The PCODMV identified the following areas that will be subject to monitoring by the Committee throughout the 2021/22 financial year and beyond:


  1. The Committee agreed that since it has not received any official report on the PTT, the DMV should, at its next engagement with the Committee, provide a detailed report on its interaction with the PTT and what is exactly is expected from the DMV.
  2. The DMV should provide the Committee with a report on all provincial offices, including its location, functionality, the staff and their qualification levels by the end of June 2021. In addition, the Committee requires an indication of the timeframes for finalising all provincial offices.
  3. The Committee recommends that the DMV should report whether the qualifications of all Senior Management Service (SMS) members have been verified with South African Qualifications Authority (SAQA), and if some are outstanding, when these will be completed.
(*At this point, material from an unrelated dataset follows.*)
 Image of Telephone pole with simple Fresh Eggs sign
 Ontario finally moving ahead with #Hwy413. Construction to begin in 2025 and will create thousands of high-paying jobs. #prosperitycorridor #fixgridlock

The DMV should also going forward, on a regular basis, report whether progress is being made to address the organisational culture and the lack of a spirit of team work.
  4. It was recommended that the DMV should address the inadequate legislative and policy risk as a matter of urgency, as it is central to addressing various other challenges to effectively deliver benefits to military veterans and their dependents.
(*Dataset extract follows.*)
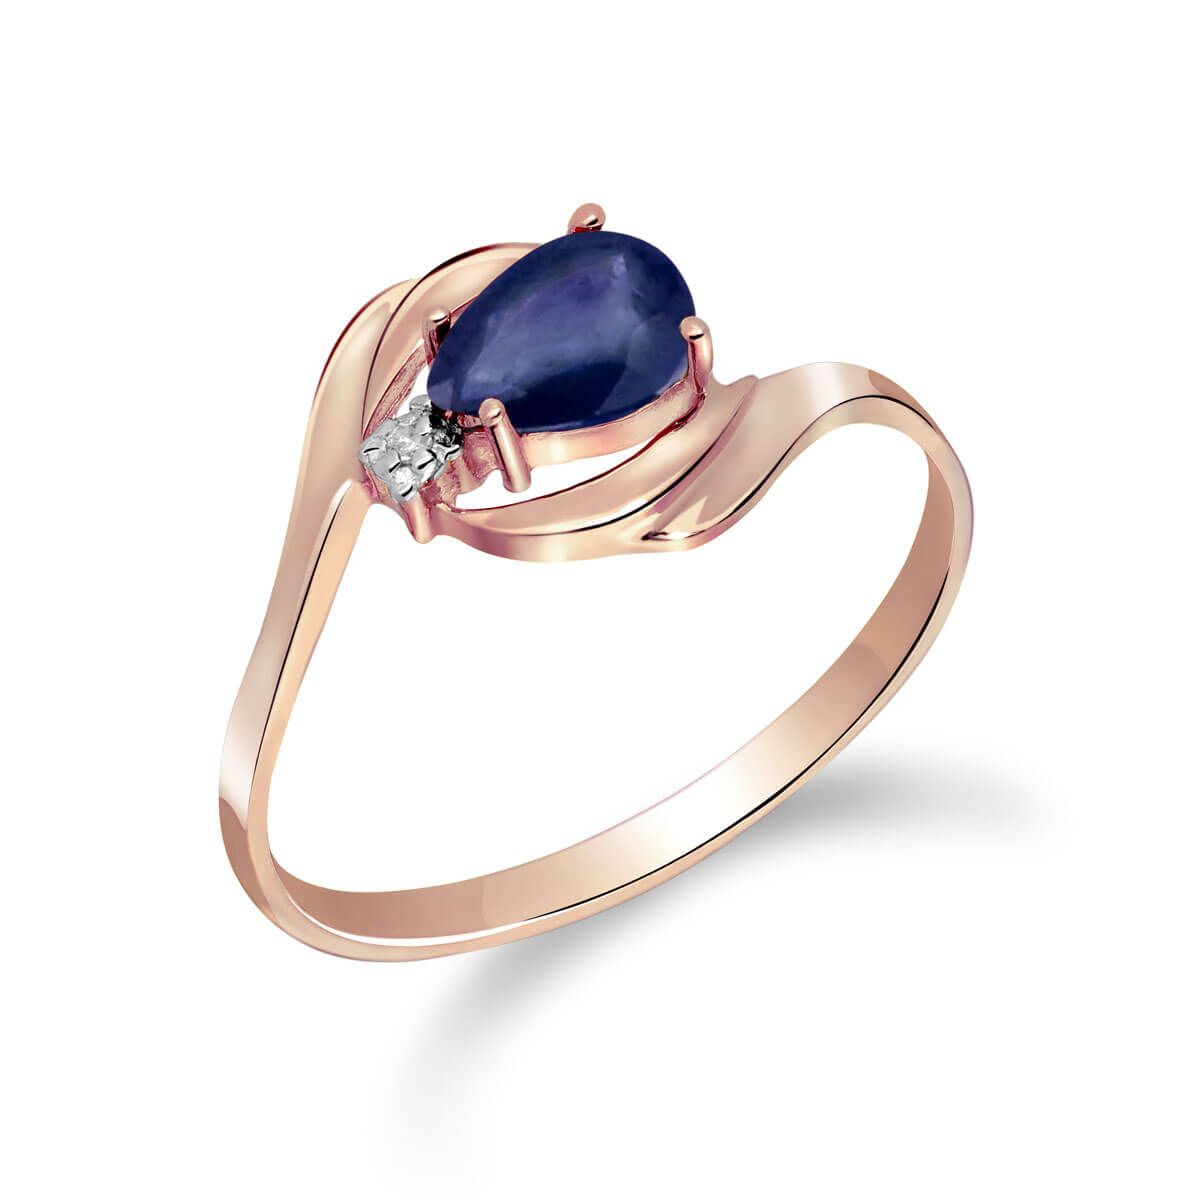 Sapphire & Diamond Flare Ring in 9ct Rose Gold

  5. The Committee recommends that the Department should provide it with the names, titles and contact details of all senior officials in order to allow Members to direct their queries from military veterans to the relevant section/branch speedily.
  6. It is recommended that the DMV should provide the Committee with a report on how the targets were determined, the specific reasons for adjustments and specifically whether these were adjusted in line with the allocated budget for FY2021/22, by the end of June 2021.
  7. The Department was encouraged to state up front whether the various policies are appropriately funded by National Treasury, otherwise it will defeat its purpose if these are not funded or underfunded.
  8. The Department should, in writing, provide the Committee with the timeframes for filling all vacancies as well as whether it intends to acknowledge previous service from both former non-statutory forces and statutory force members.
  9. The Committee recommends that the Department should provide it with specific information on how it plans to strengthen relationships with sister departments, given that this issue has been consistently raised since the advent of the 6th Parliament.





Report to be considered.



[1]All tables used in this report reflect the original 2020/21 allocation, the adjusted 2020/21 allocation and the 2021/22 allocation. However, net and real percentage changes are calculated on the adjusted 2020/21 allocation and the 2021/22 allocation.